§ DATA EXCERPTS
•••
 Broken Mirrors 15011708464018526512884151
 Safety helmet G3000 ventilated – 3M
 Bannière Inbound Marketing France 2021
•••
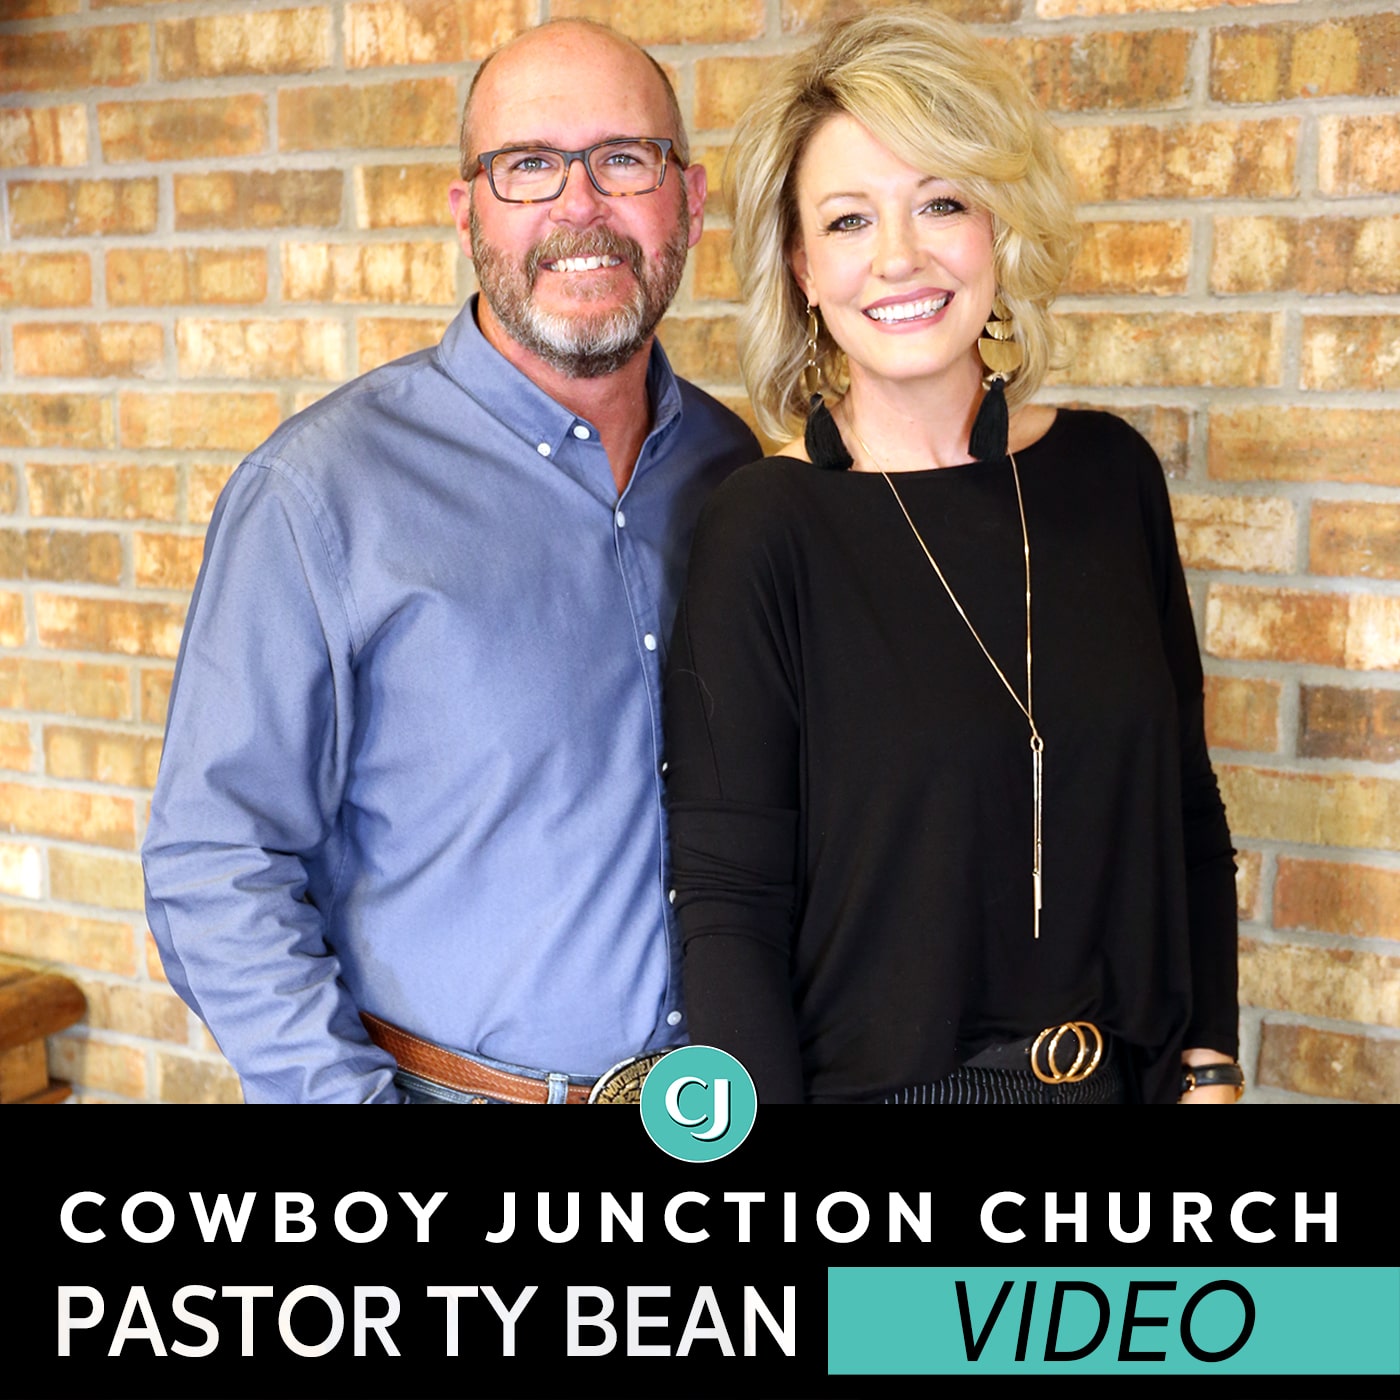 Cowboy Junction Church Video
•••
§ ASSIGNMENT
Reproduce exactly the lines above from the line with "Broken Mirrors 15011708464018526512884151" to the line with "Bannière Inbound Marketing France 2021", including both, and add nothing.

§ SOLUTION BELOW
 Broken Mirrors 15011708464018526512884151
 Safety helmet G3000 ventilated – 3M
 Bannière Inbound Marketing France 2021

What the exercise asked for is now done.